We first collect a dataset by gathering video clips that contain human activities in the video and their surrounding web text data. Next, we represent a video using spatio-temporal graph with features of sparse coefficients, and define visual context kernels for measuring the similarity between two spatio-temporal graphs. We represent the surrounding text data using a histogram of n-gram keywords obtained from a modified TF-IDF weighting scheme. Text context kernels are also defined to compute the similarity between two text data. Finally, we compute the optimal combination of all kernels using multiple kernel learning for activity recognition. Experimental results show that the textual data can aid the visual recognition, and the combination of visual and textual learning outperforms the visual or textual learning for activity recognition.

3D Reconstruction
3D reconstruction from multiple images is the creation of three-dimensional models from a set of images. It is the reverse process of obtaining 2D images from 3D scenes.

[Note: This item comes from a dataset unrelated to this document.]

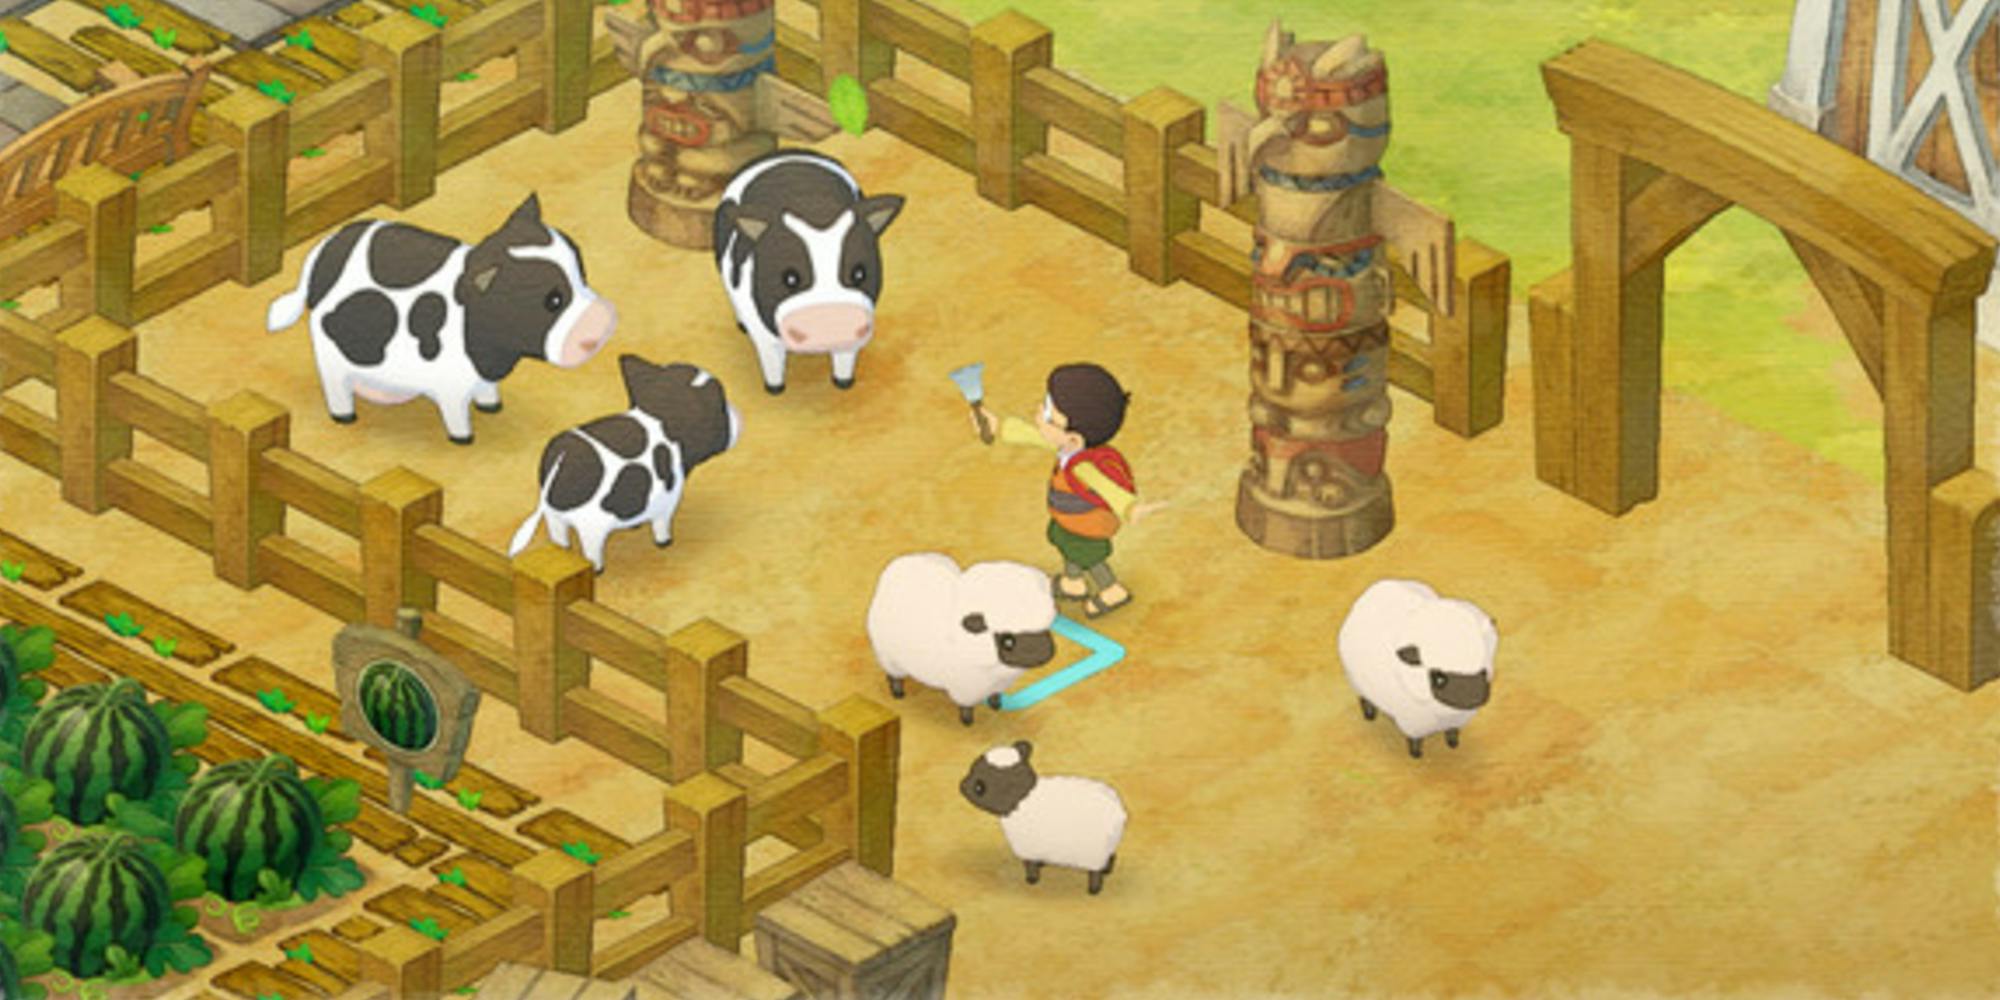 Farming scene from Doraemon Story of Seasons

The essence of an image is a projection from a 3D scene onto a 2D plane, during which process the depth is lost. The 3D point corresponding to a specific image point is constrained to be on the line of sight. From a single image, it is impossible to determine which point on this line corresponds to the image point. If two images are available, then the position of a 3D point can be found as the intersection of the two projection rays. This process is referred to as triangulation. The key for this process is the relations between multiple views which convey the information that corresponding sets of points must contain some structure and that this structure is related to the poses and the calibration of the camera.
In recent decades, there is an important demand for 3D content for computer graphics, virtual reality and communication, triggering a change in emphasis for the requirements. Many existing systems for constructing 3D models are built around specialized hardware (e.g. stereo rigs) resulting in a high cost, which cannot satisfy the requirement of its new applications. This gap stimulates the use of digital imaging facilities (like a camera). Moore's law also tells us that more work can be done in software. An early method was proposed by Tomasi and Kanade. They used an affine factorization approach to extract 3D from images sequences. However, the assumption of orthographic projection is a significant limitation of this system.